Bernard automatically detects recurring delegation patterns in your conversations and suggests new specialists. Detection runs in the background when you exit a session or use /clear --save.

  • Review pending suggestions with /candidates
  • Each candidate includes a name, description, confidence score, and reasoning
  • Accept or reject candidates conversationally
  • Auto-dismissed after 30 days if not reviewed; up to 10 pending at a time
bernard
// On startup, Bernard notifies you of pending suggestions:
  2 specialist suggestion(s) pending. Use /candidates to review.

bernard> /candidates

  1. code-reviewer (confidence: 0.85)
    Reviews PRs for correctness, style, and security issues

  2. db-migrator (confidence: 0.72)
    Manages database schema changes and migration scripts

bernard> accept the code-reviewer candidate
   Specialist "Code Reviewer" (code-reviewer) created.

Critic Mode new

Critic mode adds planning, proactive scratch/memory usage, and post-response verification. Recommended for high-stakes work like deployments, git operations, and multi-file edits.
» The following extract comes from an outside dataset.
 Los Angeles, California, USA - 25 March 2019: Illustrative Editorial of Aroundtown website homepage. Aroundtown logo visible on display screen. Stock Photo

  • Planning — writes a plan to scratch before multi-step tasks
  • Proactive scratch — accumulates findings during complex work
  • Verification — a critic agent reviews the work and prints a verdict (PASS / WARN / FAIL)
bernard
bernard> /critic on
   Critic mode enabled.

bernard> refactor the auth module to use JWT
  ▶ scratch: write plan
  ▶ shell: cat src/auth.ts
  ▶ write: src/auth.ts
  ▶ shell: npm test

  ┌─ critic verdict
  │ PASS — All claimed edits match tool calls.
  │ Tests pass after refactor. No issues found.
  └─

bernard> /critic off
  Critic mode disabled.

Conversation Summaries new

A fourth specialized domain in Bernard's RAG memory system, joining Tool Usage Patterns, User Preferences, and General Knowledge. Conversation summaries capture what was discussed, approaches taken, tools/specialists/routines used, and outcomes.

  • Extracts high-level summaries of what was accomplished each session
  • Helps identify recurring patterns across conversations
  • All four domain extractors run in parallel — no extra latency
  • Search returns up to 5 results per domain (15 total max), preventing any single domain from crowding out others
bernard
// After a session, Bernard extracts memories by domain:
  ▶ Extracting facts…
    tool-usage: 3 facts
    user-preferences: 1 fact
    general: 2 facts
    conversations: 1 fact

// In a future session, recalled context is organized by domain:
bernard> /rag
  RAG Memory: 142 facts across 4 domains
    tool-usage       48 facts
    user-preferences 31 facts
    general          41 facts
    conversations    22 facts

Earlier releases — Routines, the multi-provider switch, and the first sub-agent loop — predate this changelog format and aren't reproduced here. See the git history for anything before v0.6.0.